### Your objective:
Pictures stay out; please output the remaining data exactly.

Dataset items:
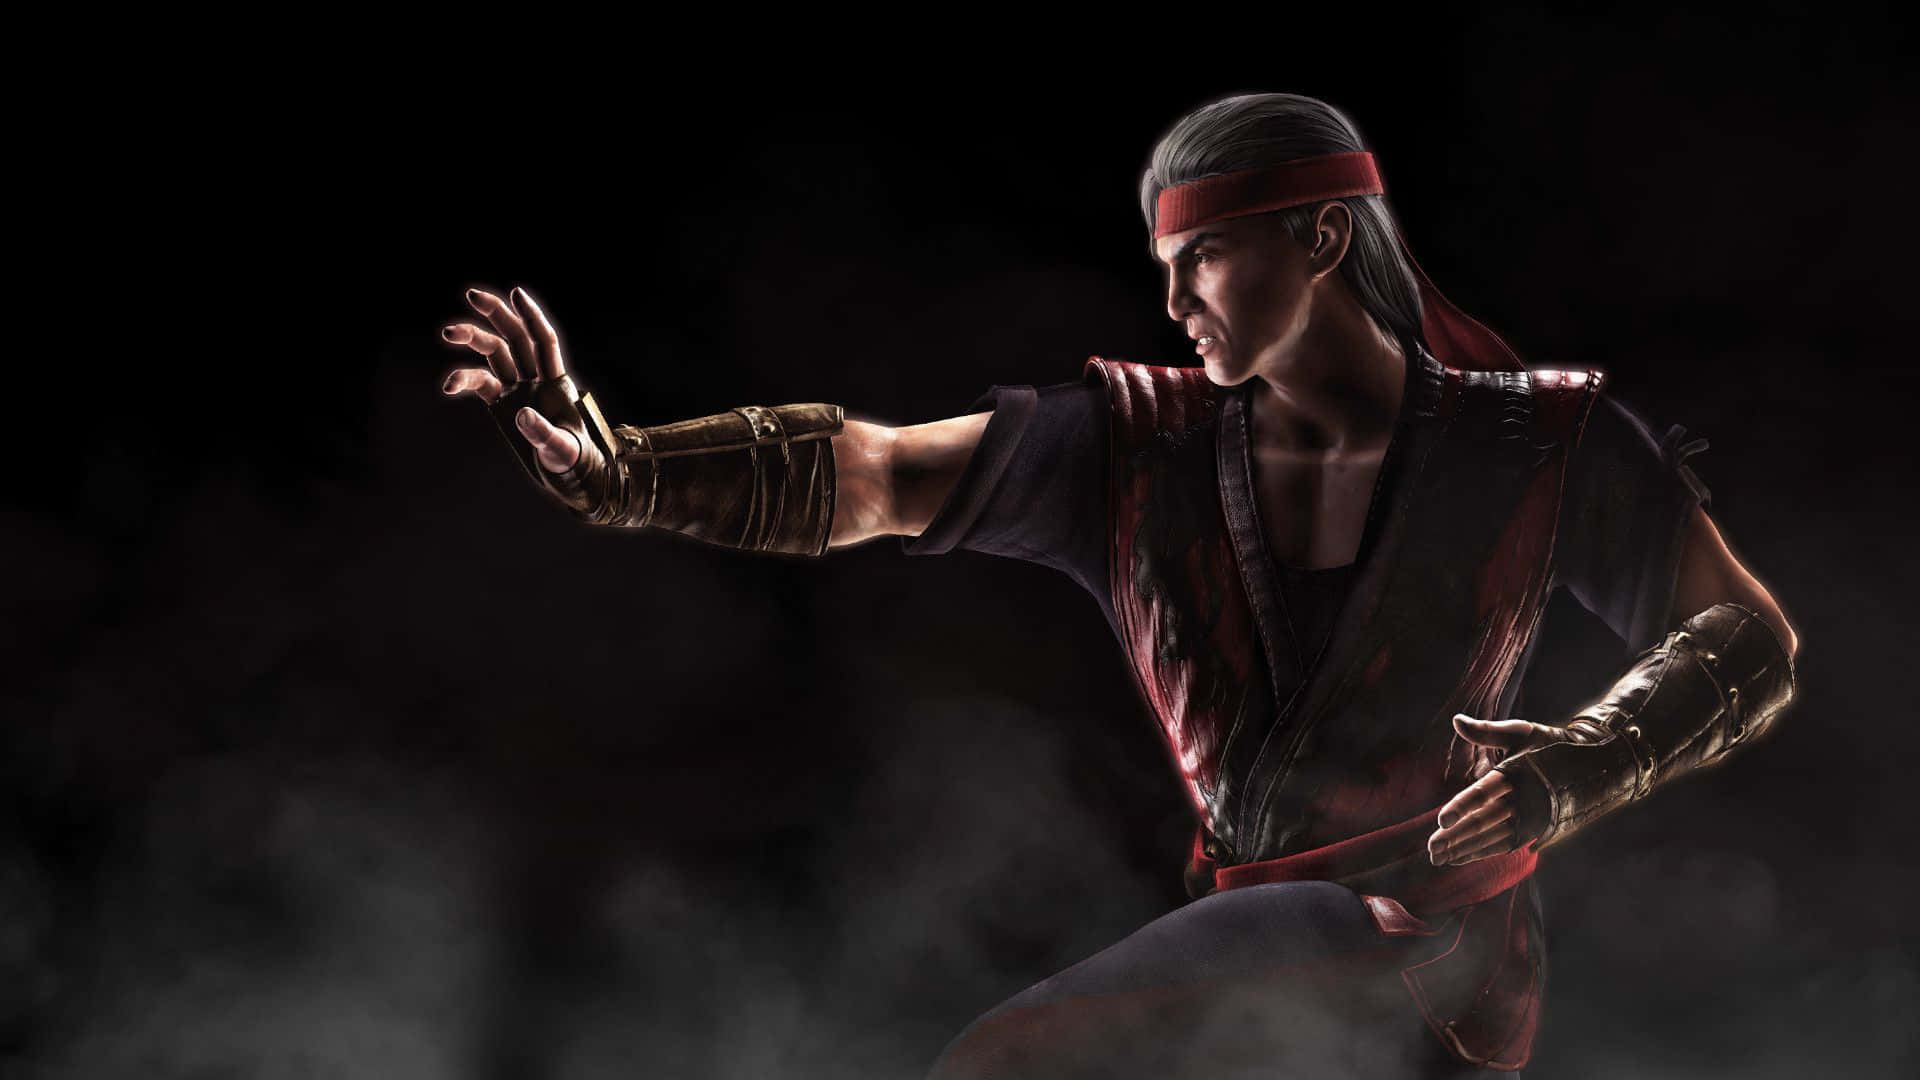 Liu Kang Unleashing his Fury in Mortal Kombat Wallpaper
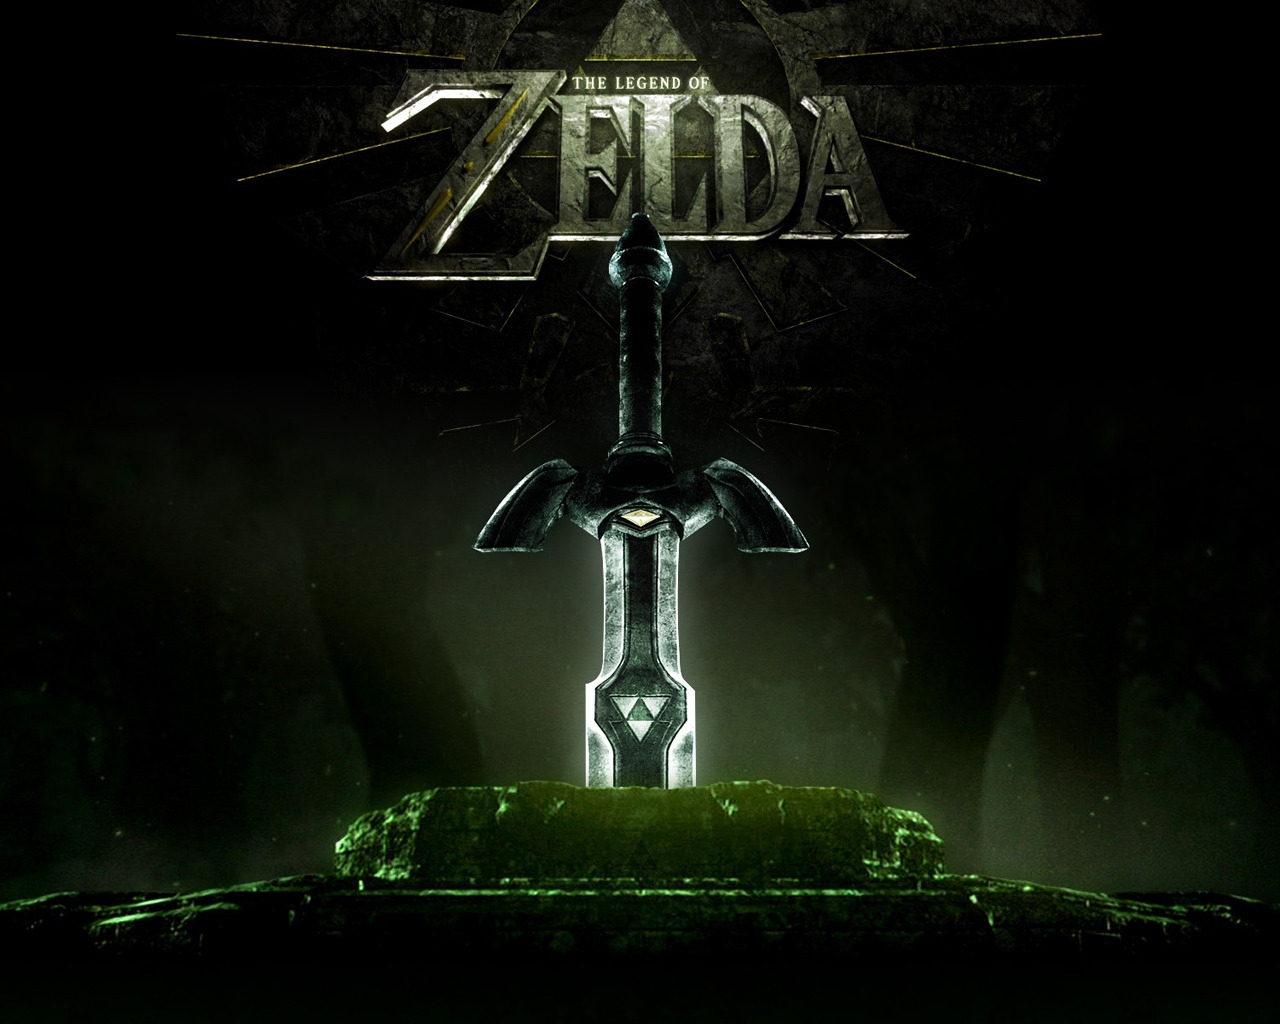 Legend of Zelda for 1280 x 1024 resolution
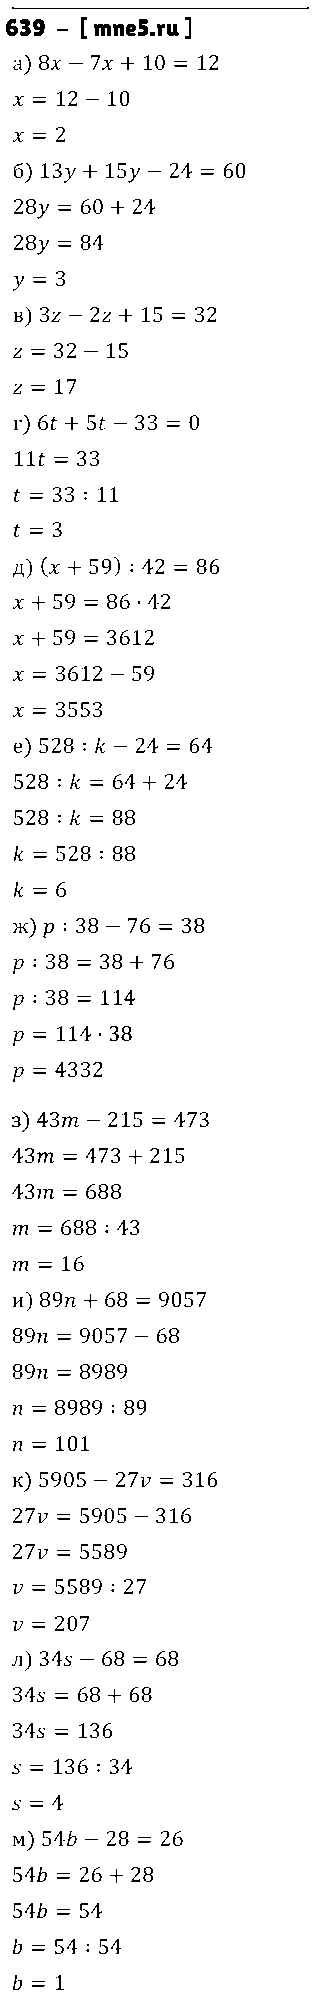 ГДЗ Математика 5 класс - 639
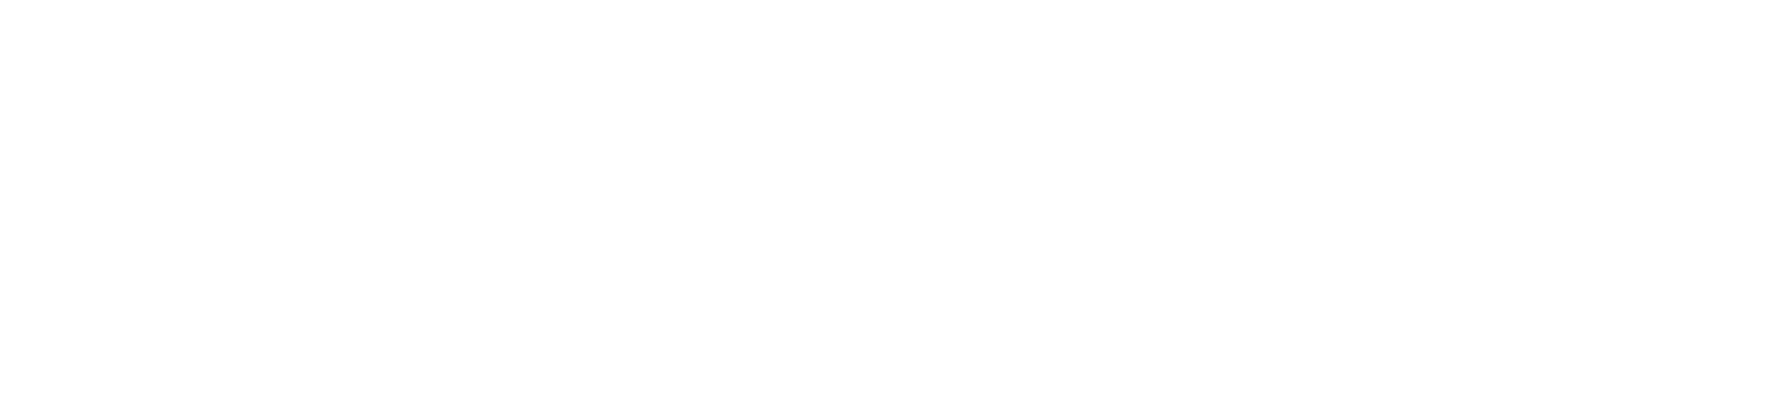 Vacuum Skin Packaging
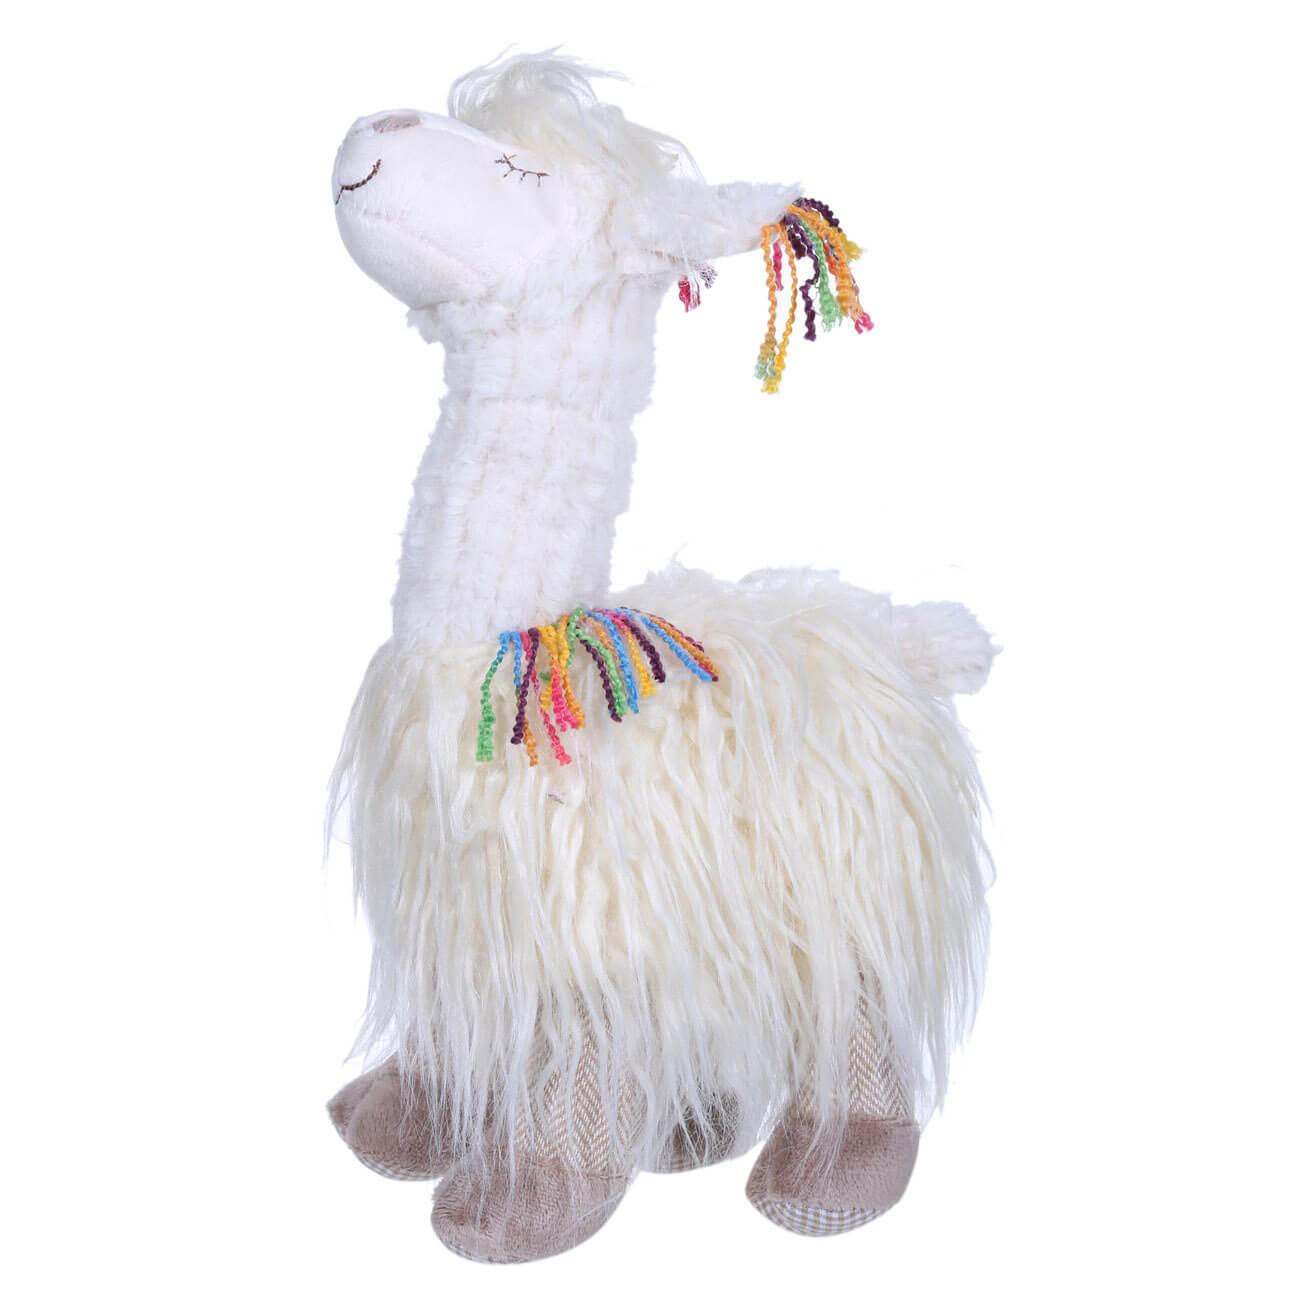 Игрушка декоративная, 34 см, полиэстер, мягкая, Лама, Lama мягкая игрушка ёжик колюнчик в свитере

### The answer:
 Liu Kang Unleashing his Fury in Mortal Kombat Wallpaper
 Legend of Zelda for 1280 x 1024 resolution
 ГДЗ Математика 5 класс - 639
 Vacuum Skin Packaging
 Игрушка декоративная, 34 см, полиэстер, мягкая, Лама, Lama мягкая игрушка ёжик колюнчик в свитере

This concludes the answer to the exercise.